What to do: Beginning with the line that holds "Benjamin Wu poses" and ending with the last line below, repeat each line exactly, leaving any pictures out.

Supplied material:
..............................

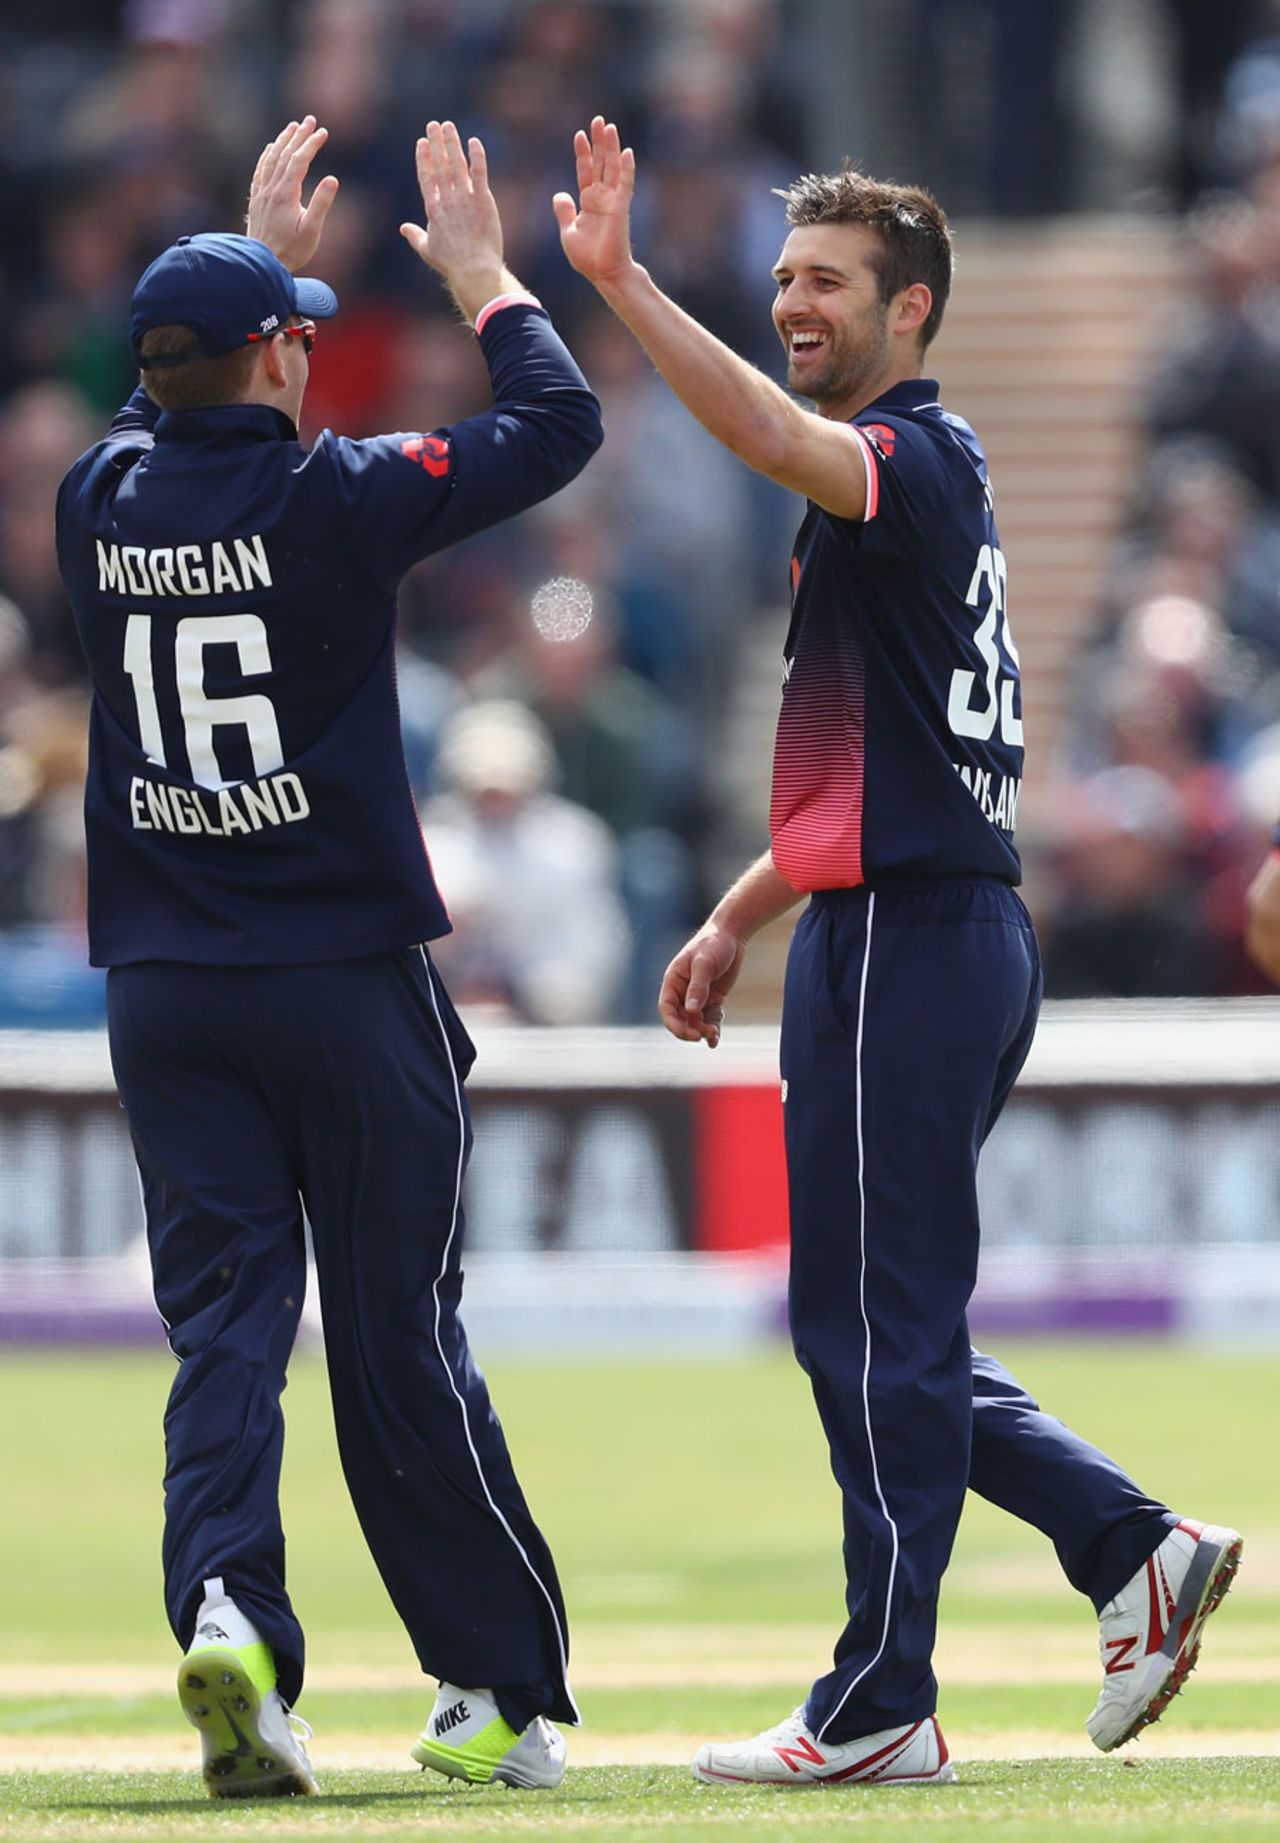 Mark Wood struck first with the new ball, England v Ireland, 1st ODI, Bristol, May 5, 2017
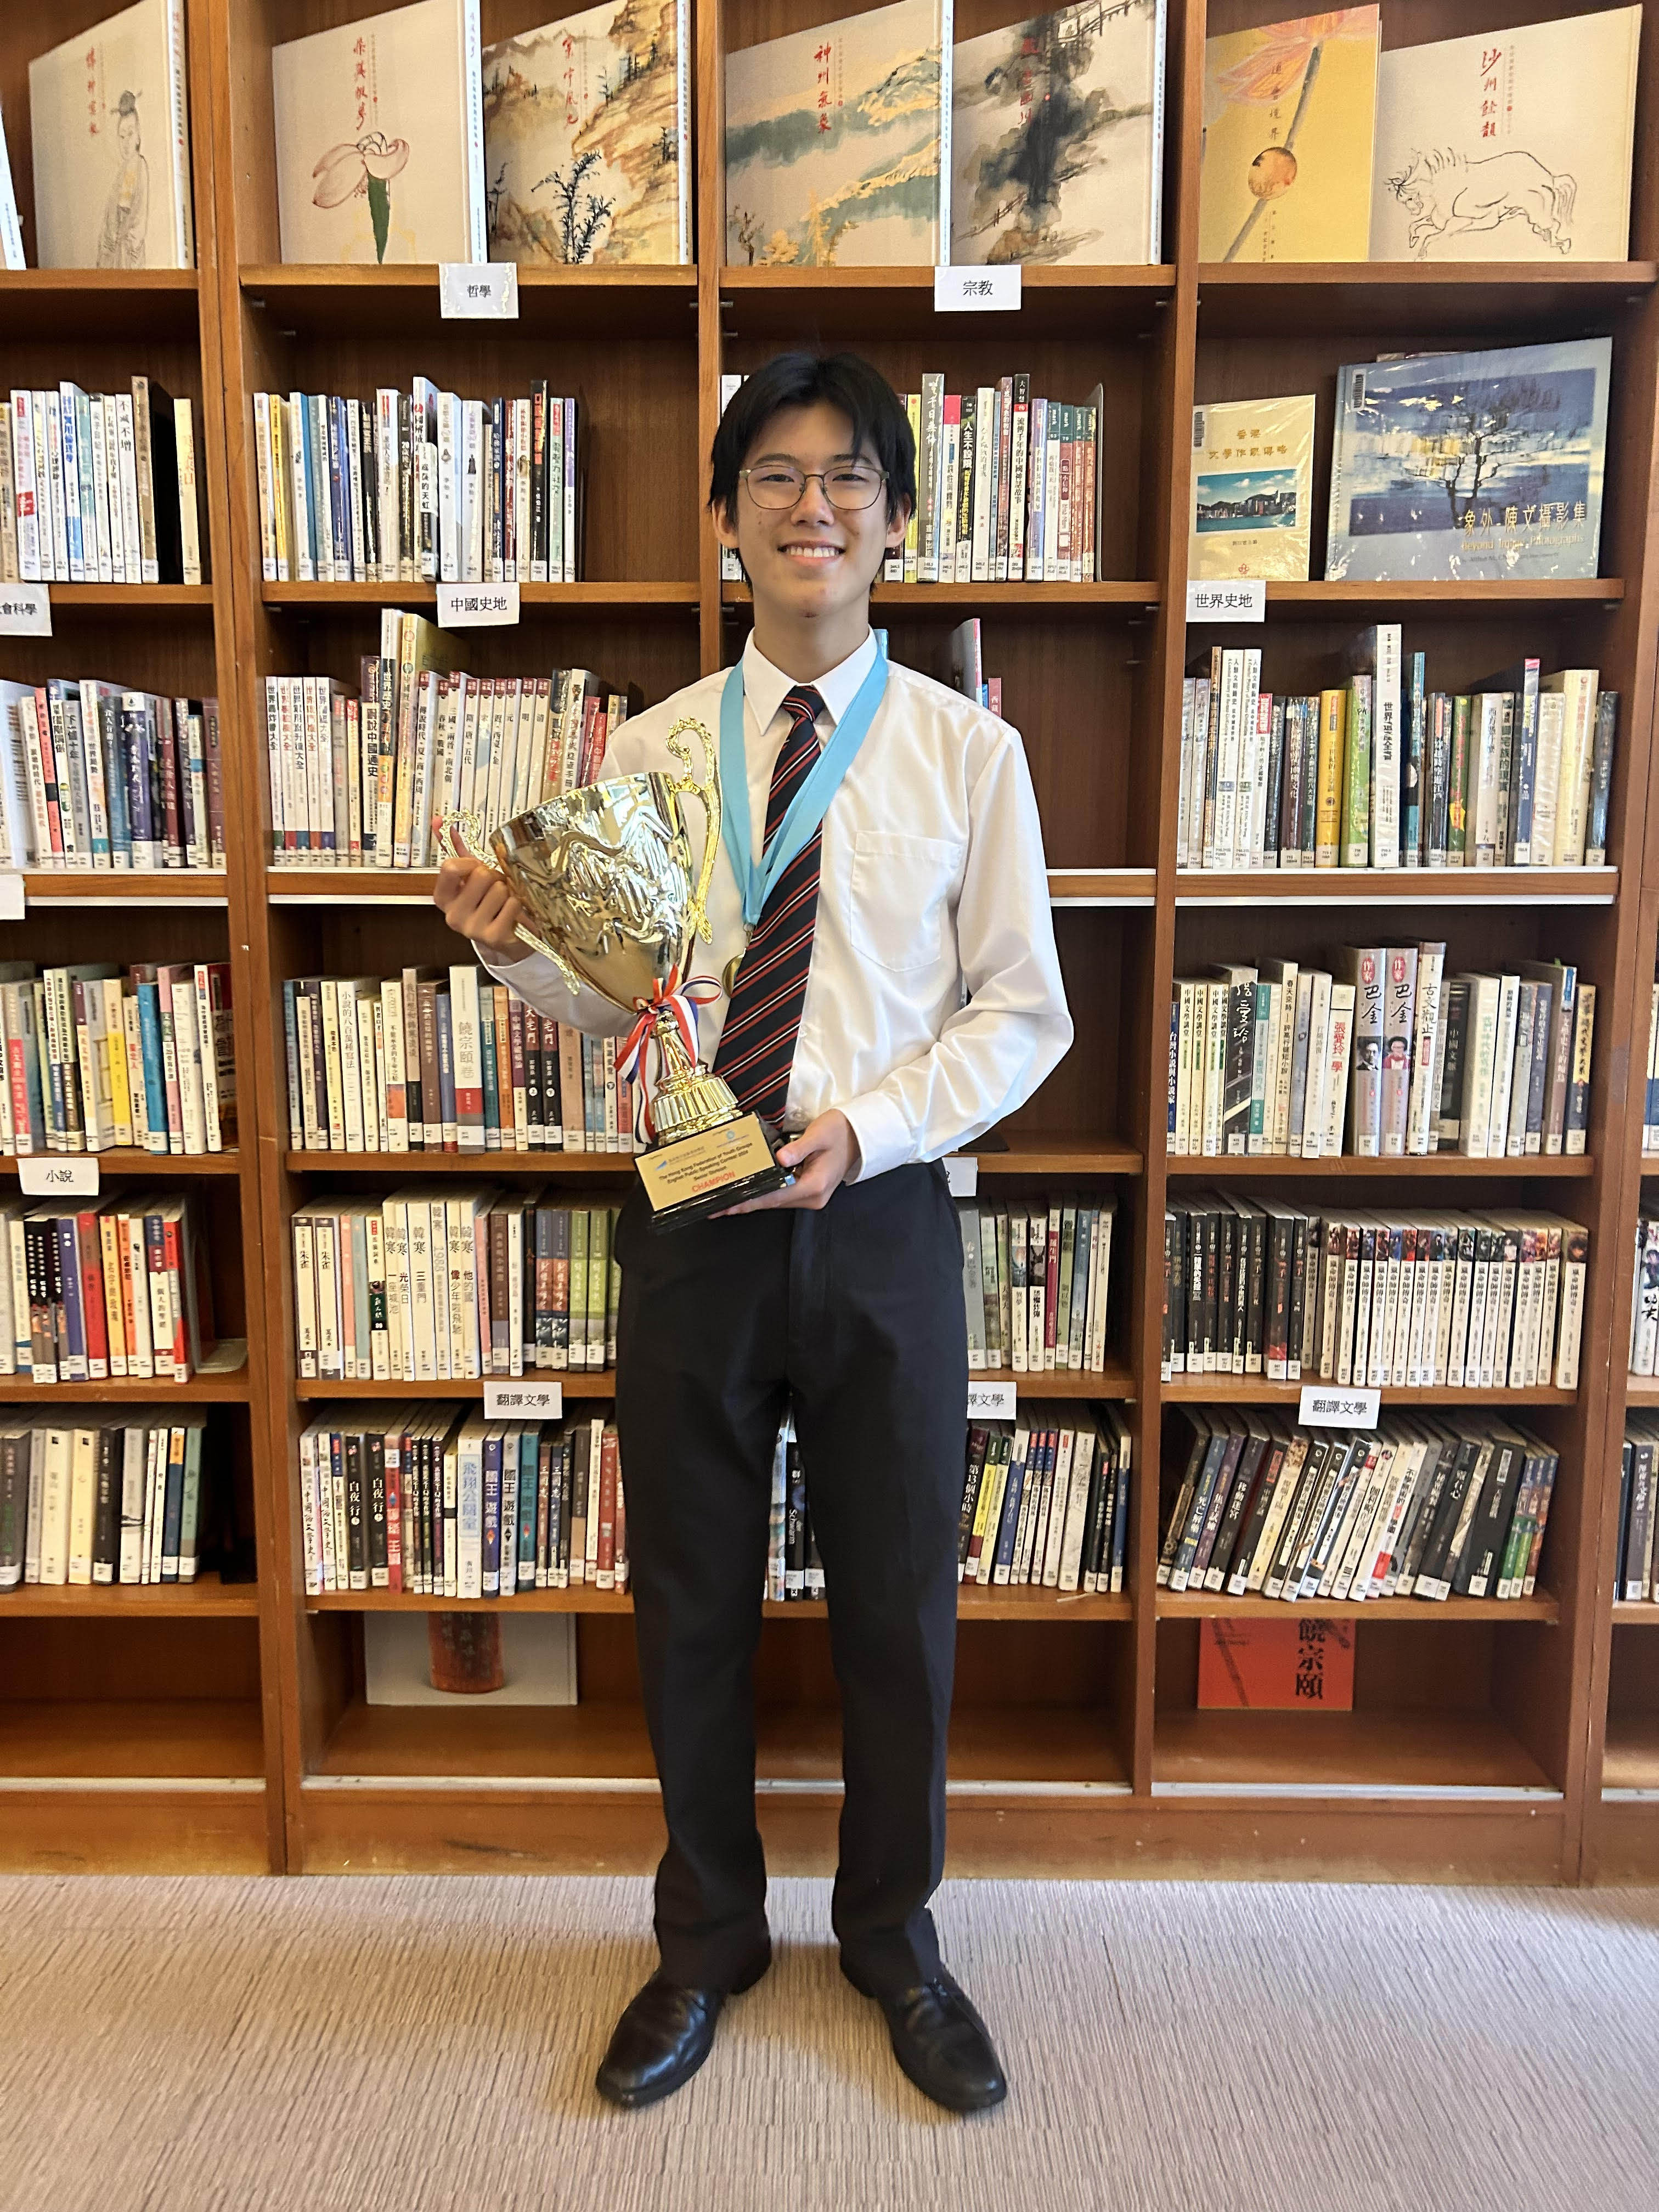 Benjamin Wu poses with his trophy at Diocesan Boys’ School. Photo: Kathryn Giordano
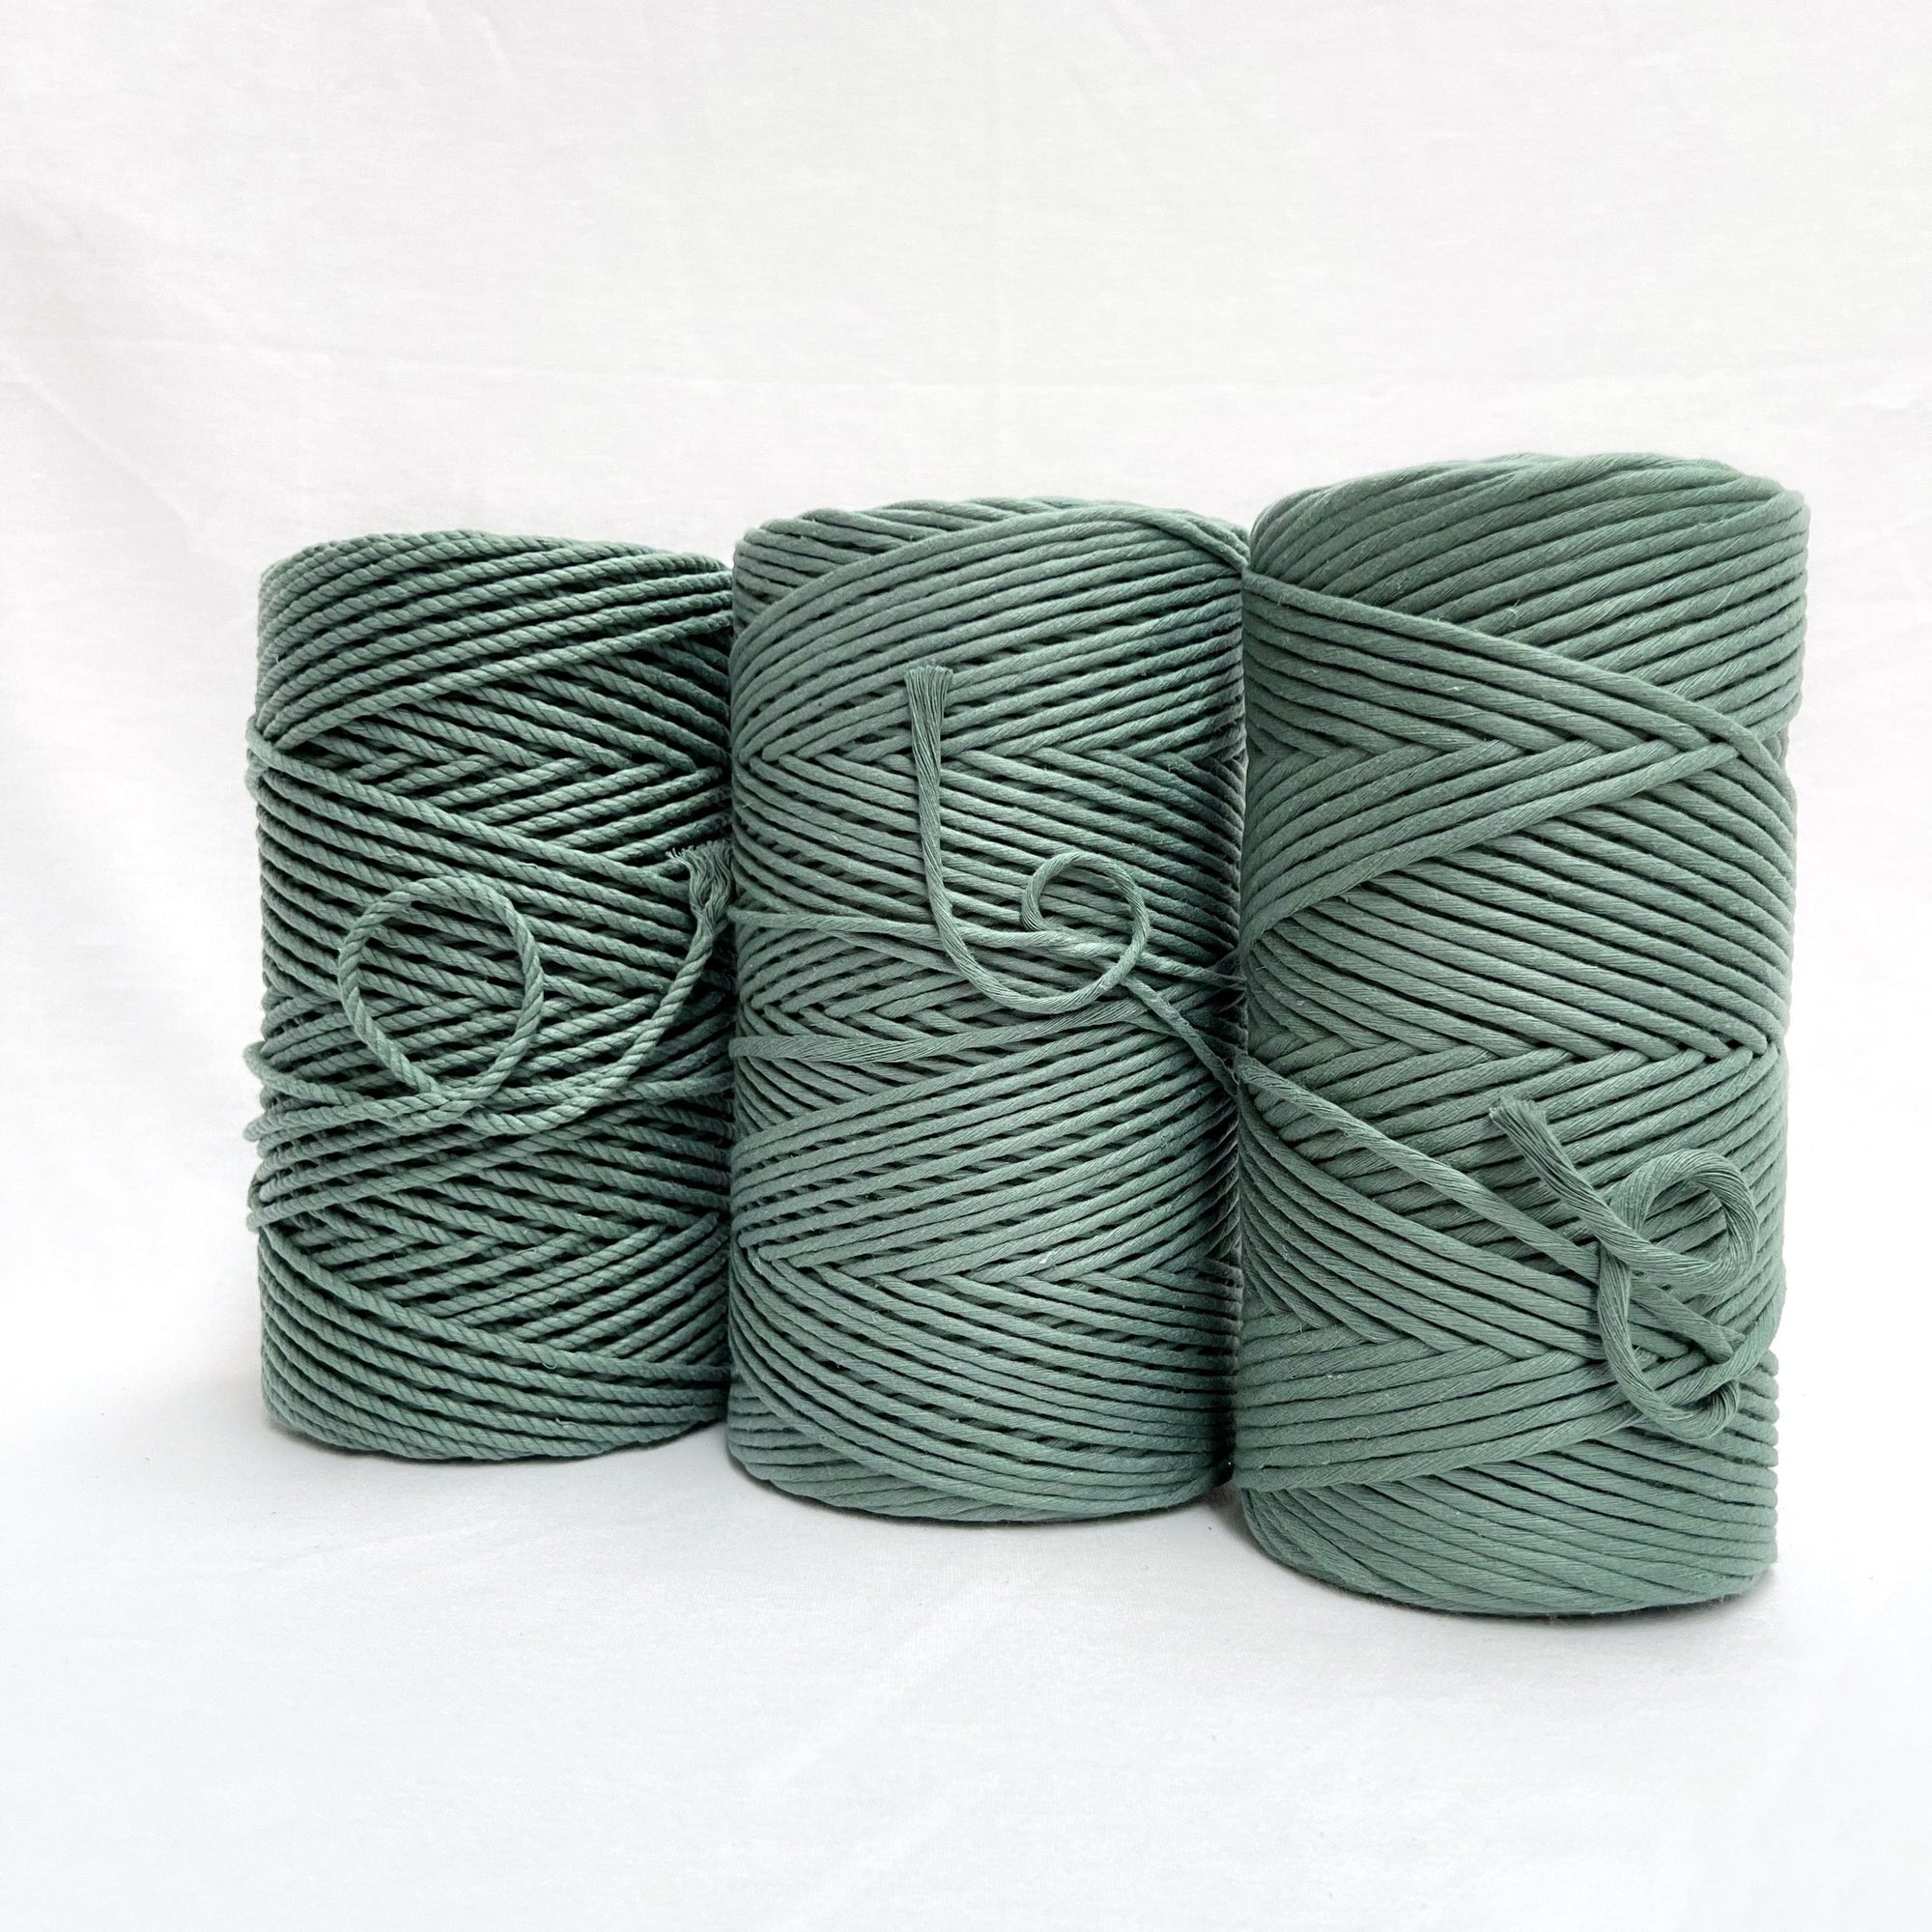 mary maker studio 1kg 4mm recycled cotton macrame rope in deep winter green colour suitable for macrame workshops beginners and advanced artists

..............................

Result of the exercise:
 Benjamin Wu poses with his trophy at Diocesan Boys’ School. Photo: Kathryn Giordano
 mary maker studio 1kg 4mm recycled cotton macrame rope in deep winter green colour suitable for macrame workshops beginners and advanced artists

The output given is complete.